Medicaid offers reimbursement for interpreter services, but a 2017 analysis found that only 15 states used it. Medicare doesn’t pay for these services, nor do most private insurers. These refusals defy fiscal logic.

Language barriers are associated with prolonged hospitals stays, serious medical mishaps, medication errors, and other disasters that are costly for patients, health care providers and insurers. Malpractice settlements show it can be far more expensive for hospitals not to provide adequate language services, especially when this failure results in catastrophic patient outcomes.

My state was hardly the only place where the pandemic magnified longstanding language problems. Often, translated health care information has been machine-generated, which has been shown to be not reliable. Across the country, information about COVID-19 was initially scarce and offered only in Spanish or a few other languages, despite the diversity of local populations. Many translations were web-based only, but the people who needed them didn’t necessarily have computers, smartphones or internet service.

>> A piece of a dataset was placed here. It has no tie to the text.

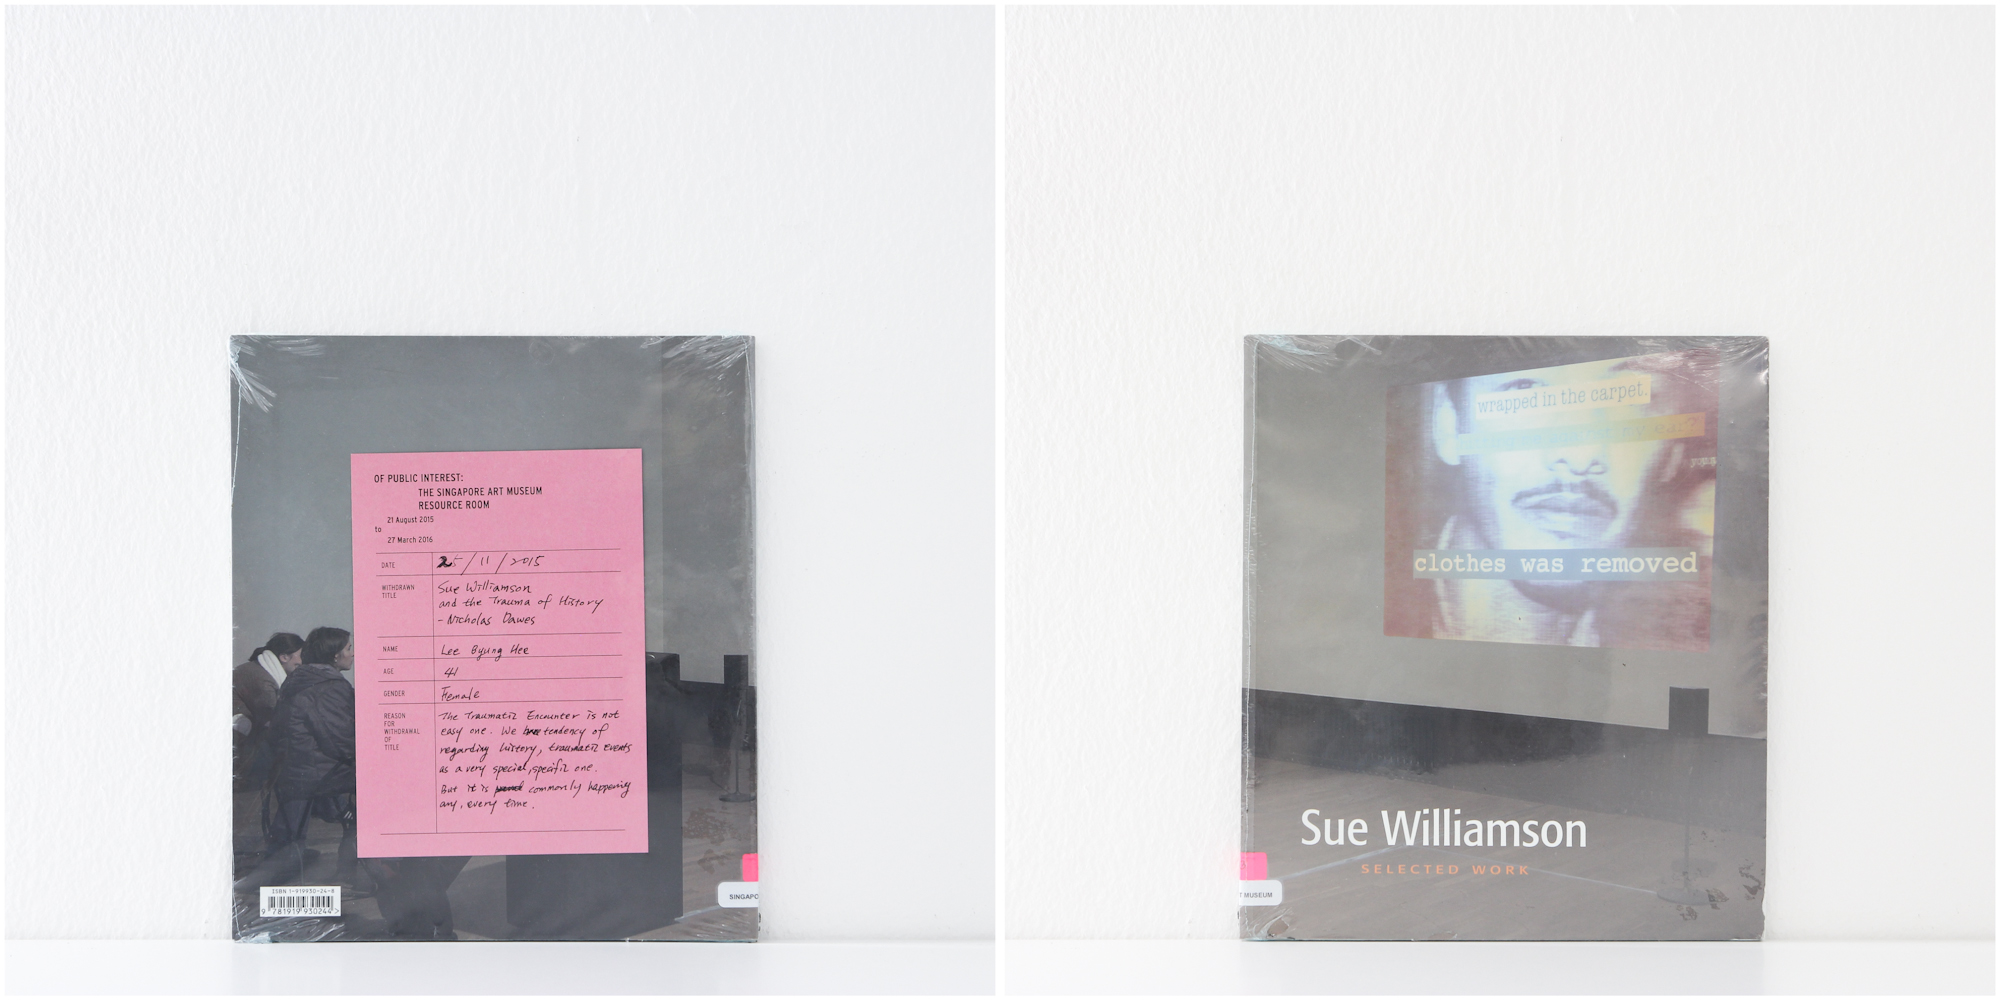 'Sue Williamson: Selected Work', 25/11/15, Lee Byung Hee, 41, Female

Phone hotlines often had messages only in English or did not explain how to request interpreter services. Many programs seemed to be designed on assumptions that users would have the time and privacy to call during the workday and be able to stay on hold during lengthy waits. While English speakers could sometimes request call-backs, this option was rarely offered in other languages. 

Translated information about COVID-19 and protective measures has become more widely available in many languages in recent months. But new problems have arisen.

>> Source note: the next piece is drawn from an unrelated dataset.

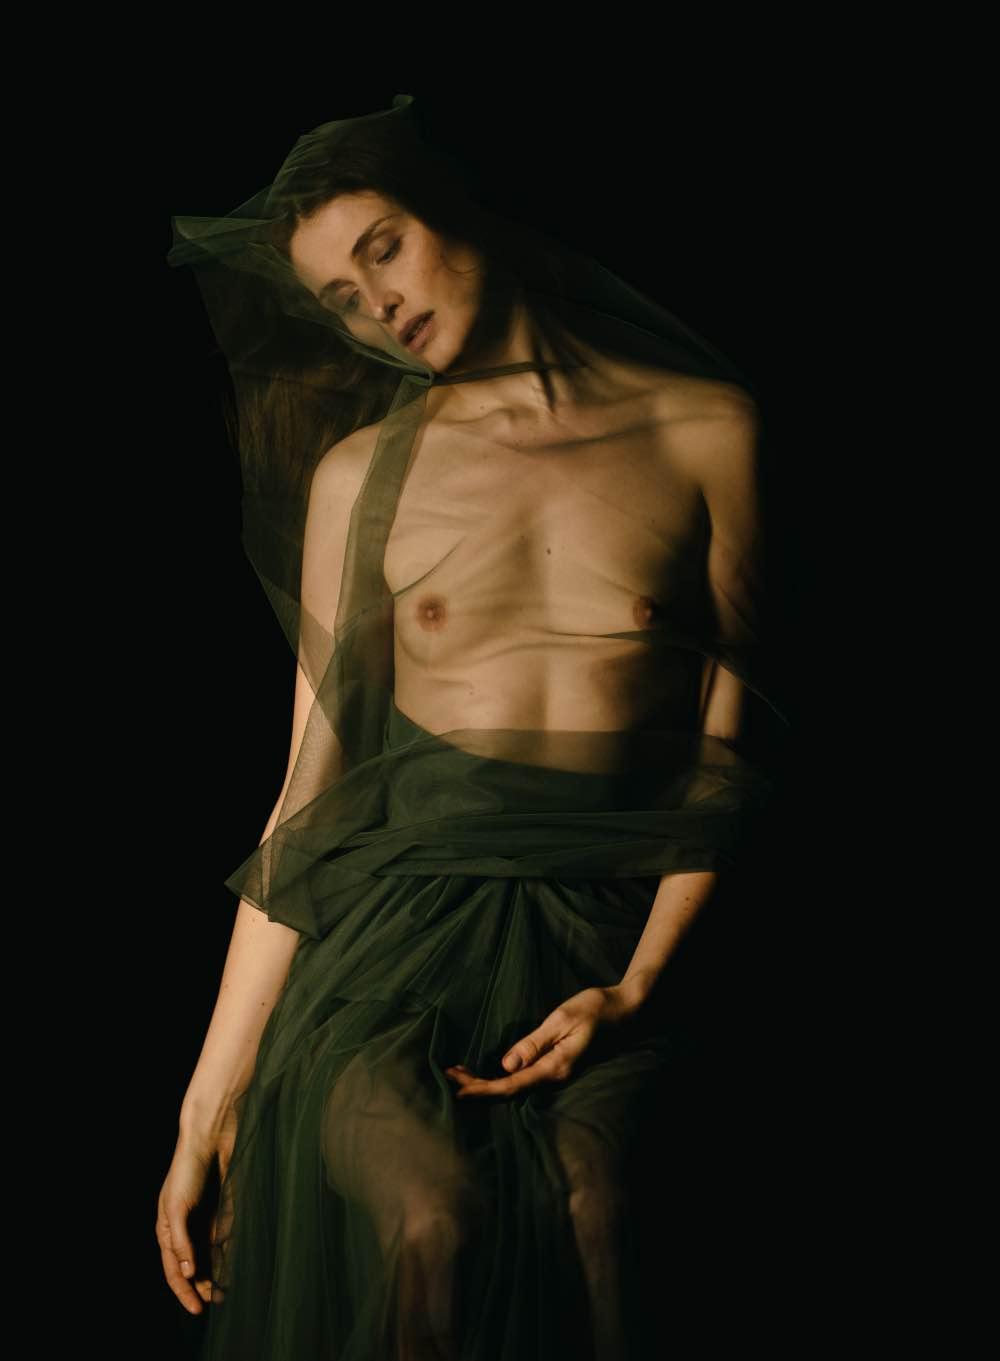 podzimní-umění-berlín-corpus-delicti-3

Virtual care has become an essential part of medicine, but telehealth services often don’t have language access interfaces. And it can be almost impossible for people with limited English to get help for basic needs that have become so dire during the pandemic, such as food, housing, income assistance, unemployment benefits, child care, schooling and mental health.

Urgent stories abound

Reporting and analyses by journalists can call attention to very real harms caused by language barriers and help promote needed changes at the community level, where most care is delivered, and in state and federal policies.

There are powerful stories in the experiences of patients, families, and health workers; in data about language needs and services; and in the challenges of unearthing such data. In addition to hospitals, community clinics and public health departments, reporters should reach out to health and health care advocacy groups, immigrant organizations, and language services associations. 

Journalists can also look at policies in the few states that have taken notable steps. Massachusetts requires and monitors competent interpreter services at hospitals. California requires coverage of interpreter services by commercial insurers. Some states have equity offices within their  health agencies, and  Hawaii and New York have created state-level language access programs with cross-agency coordination. 

This kind of pandemic reporting can help spur the action so urgently needed to ensure that high-quality language services become a routine part of health care and a lifesaving strategy in the fight against COVID-19.

Joana Ramos is a health policy consultant and a founding member of the Washington State Coalition for Language Access.